▶ [Exercise requirements]: Please give back each line below unchanged; none of the pictures should appear.

▶ [Data below]:

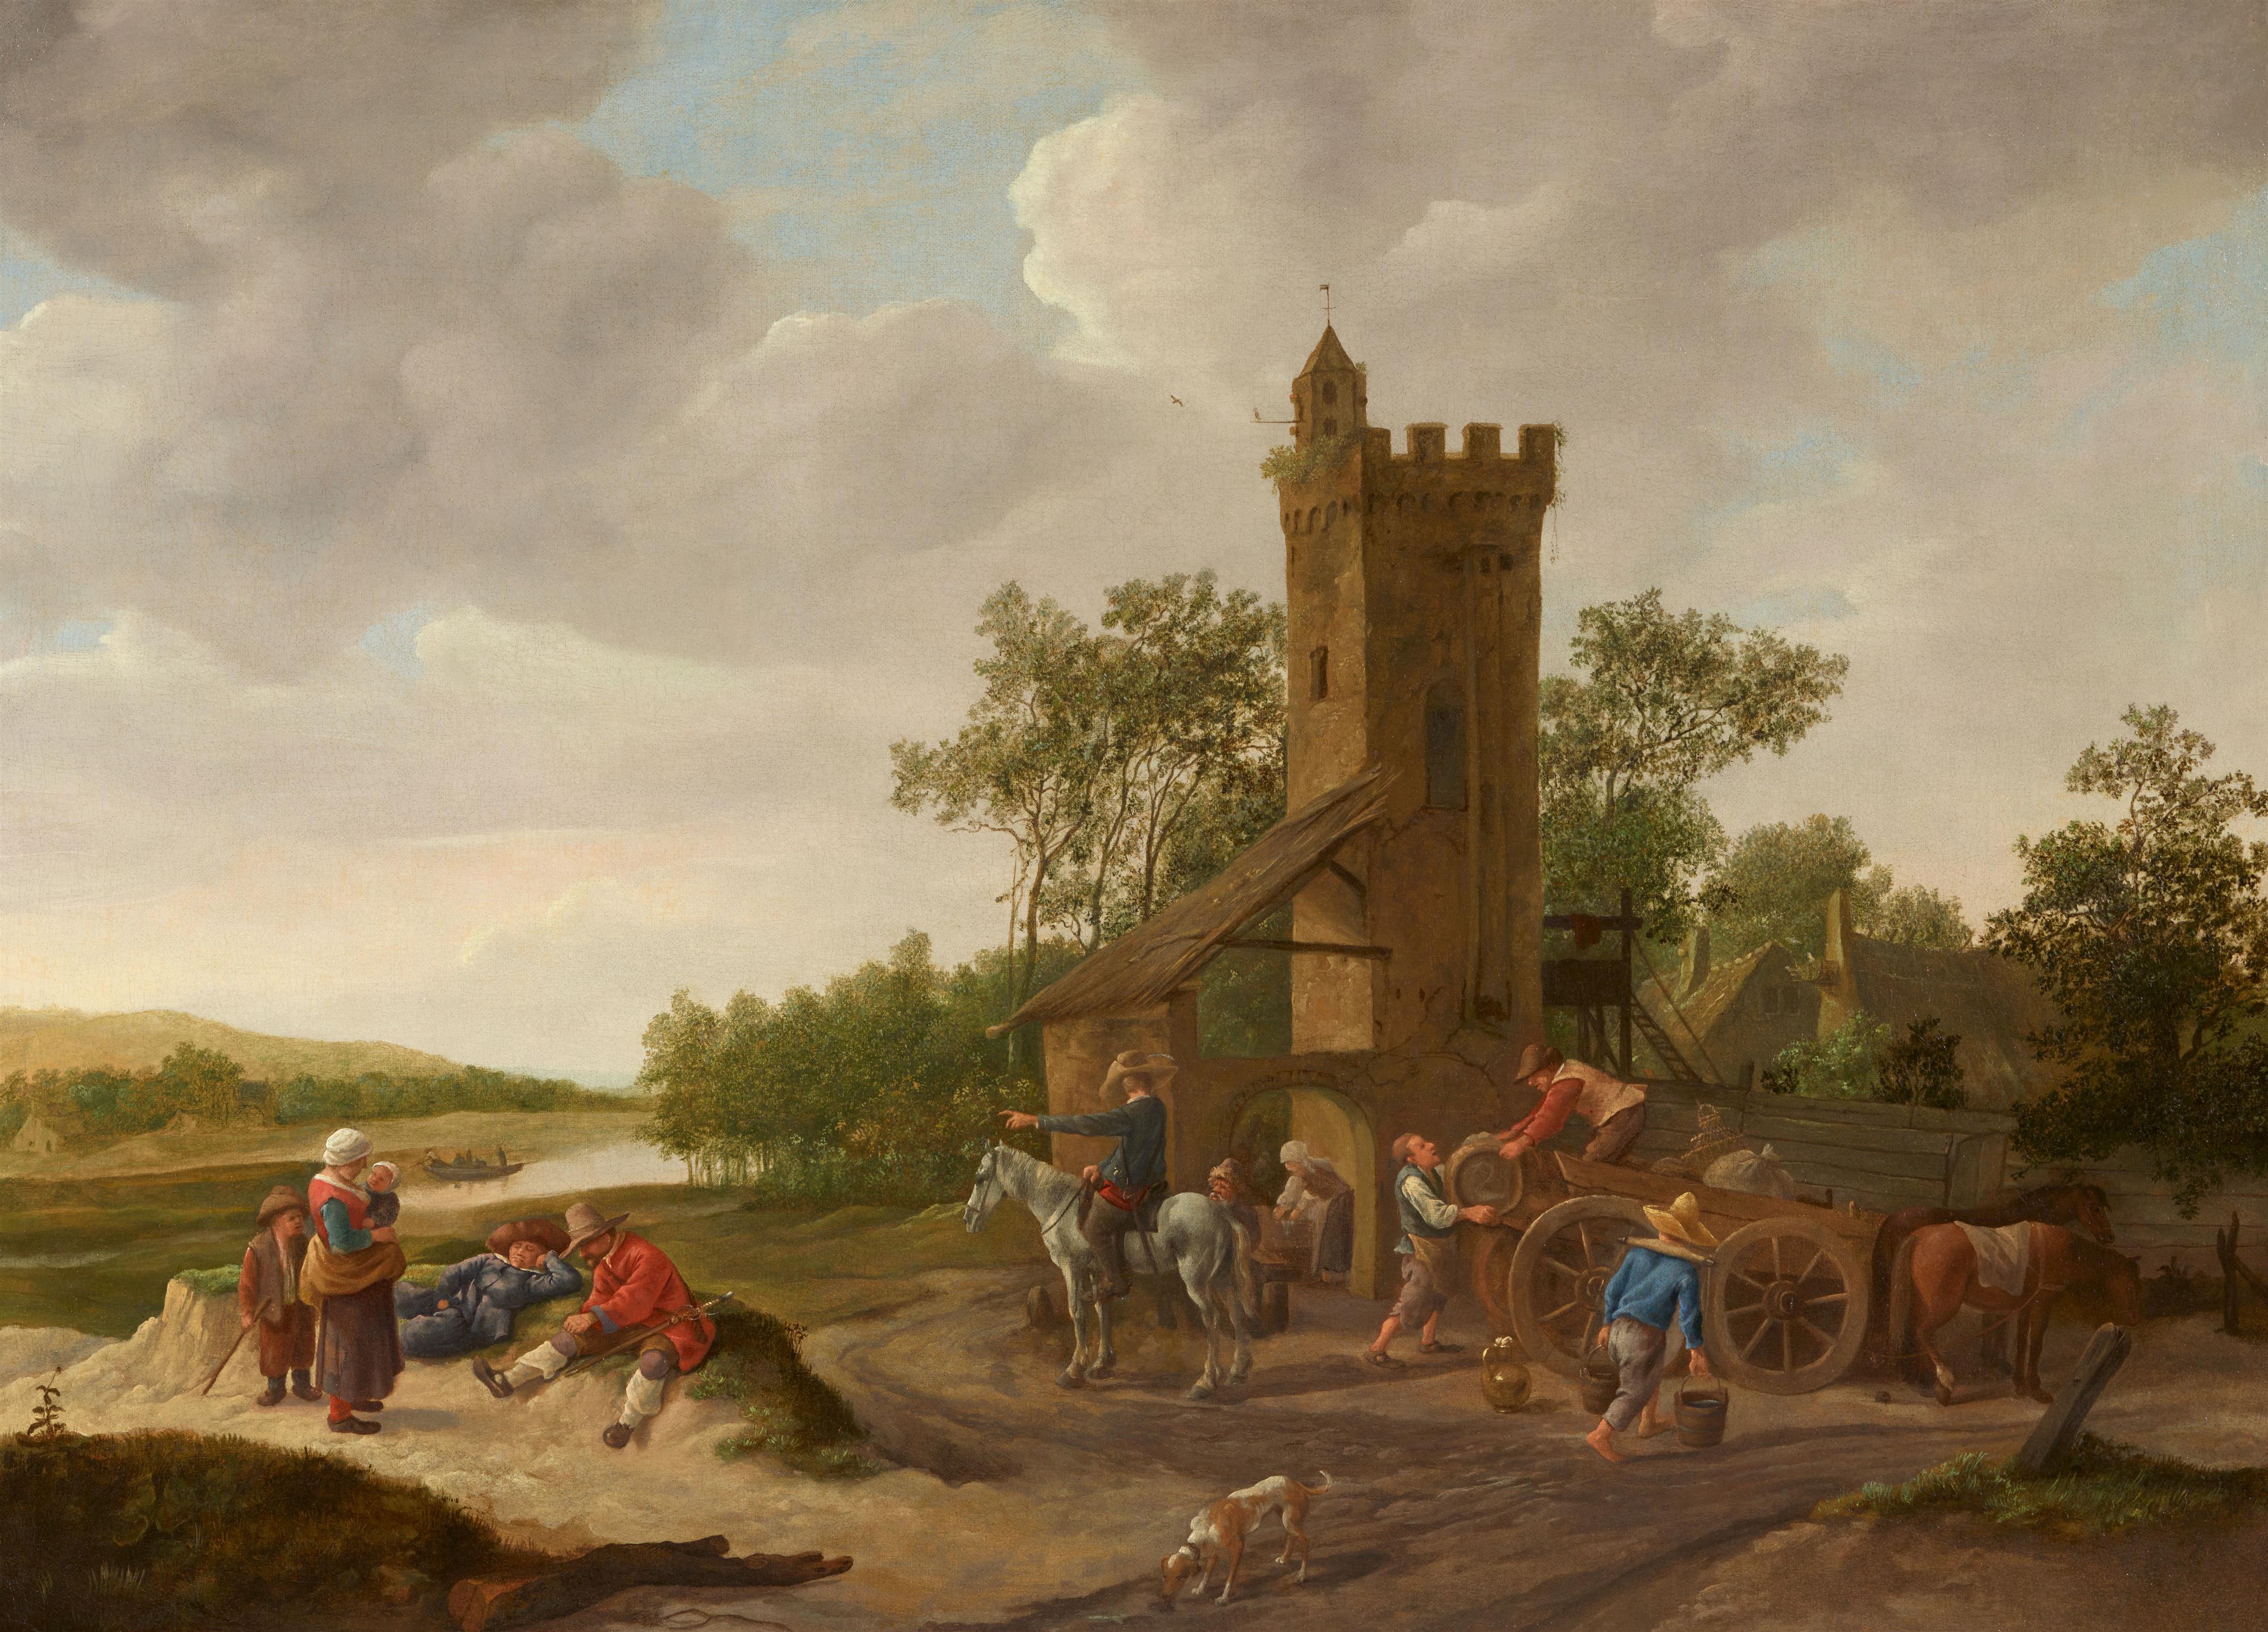 Jan Steen - Landschaft an einem Fluss und mit einem Turm, davor be- oder entladen Männer einen Karren sowie weitere Figuren, darunter ein Reiter, eine Mutter mit Kindern und zwei rastende Männer - image-1
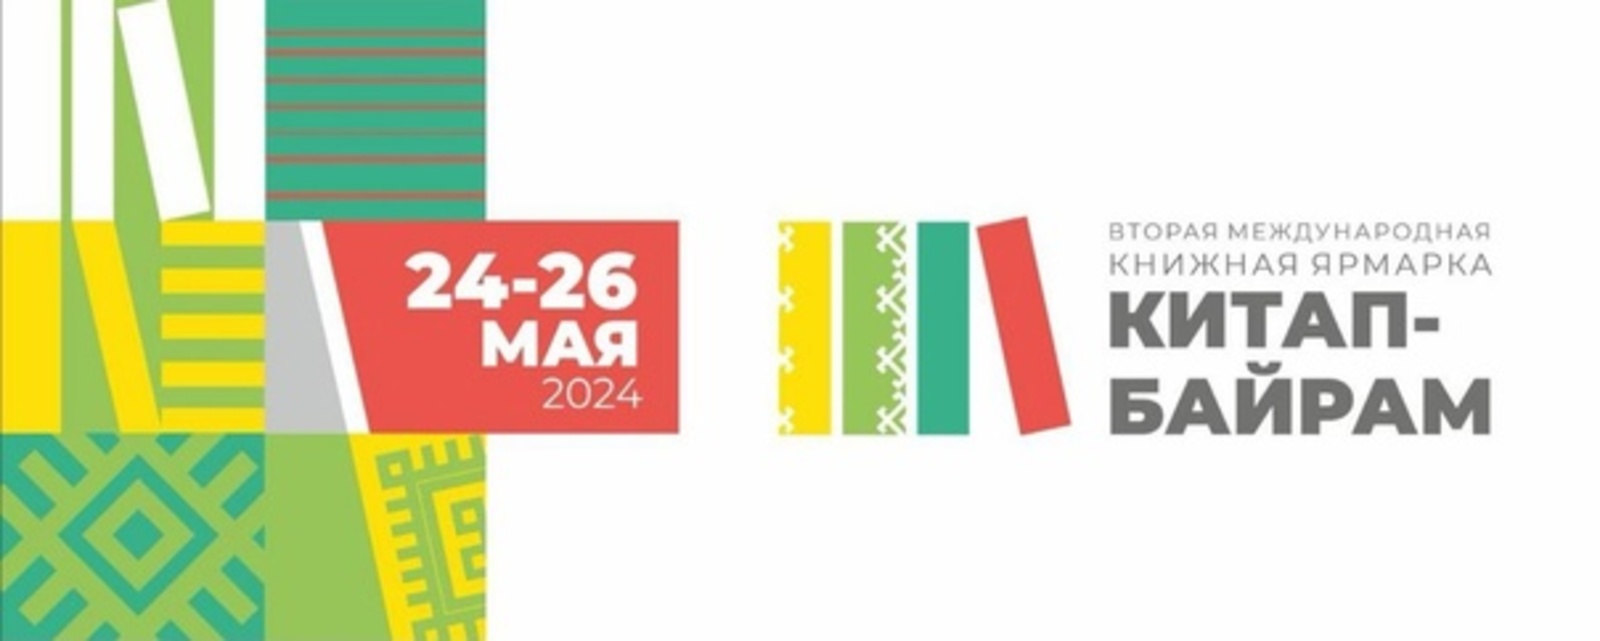 В Уфе во второй раз пройдёт Международная книжная ярмарка «Китап-Байрам»
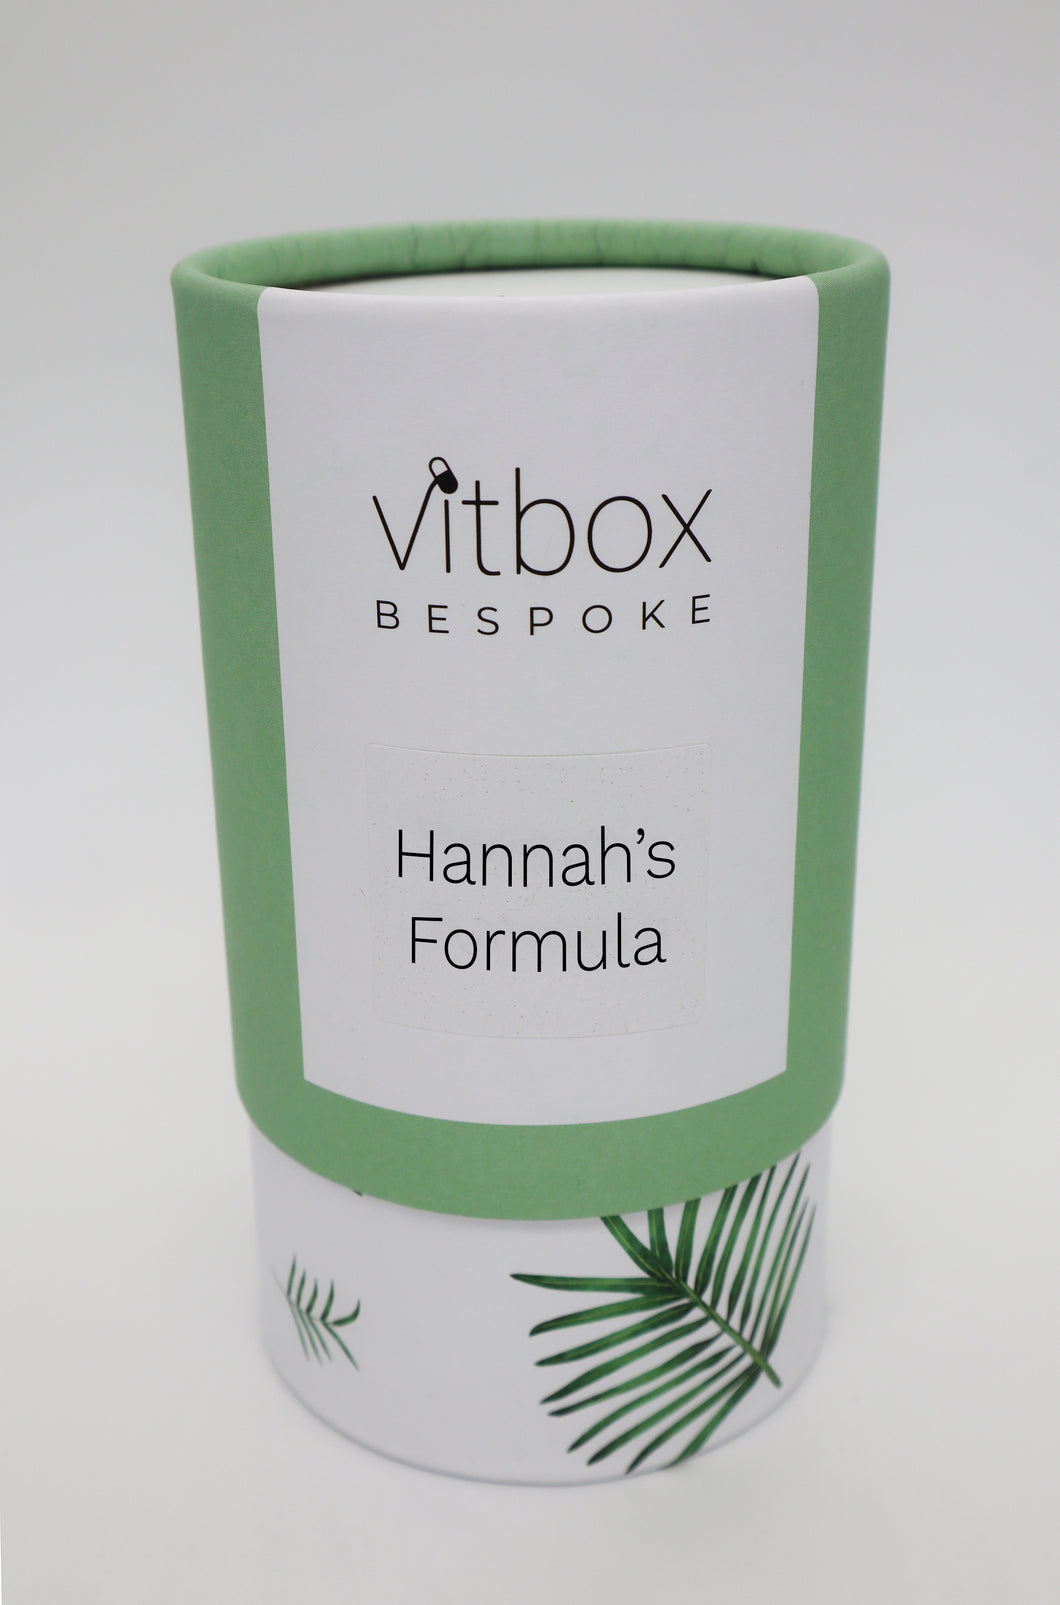 Hannah's Vitbox Bespoke

▶ [Task output]:
 Jan Steen - Landschaft an einem Fluss und mit einem Turm, davor be- oder entladen Männer einen Karren sowie weitere Figuren, darunter ein Reiter, eine Mutter mit Kindern und zwei rastende Männer - image-1
 В Уфе во второй раз пройдёт Международная книжная ярмарка «Китап-Байрам»
 Hannah's Vitbox Bespoke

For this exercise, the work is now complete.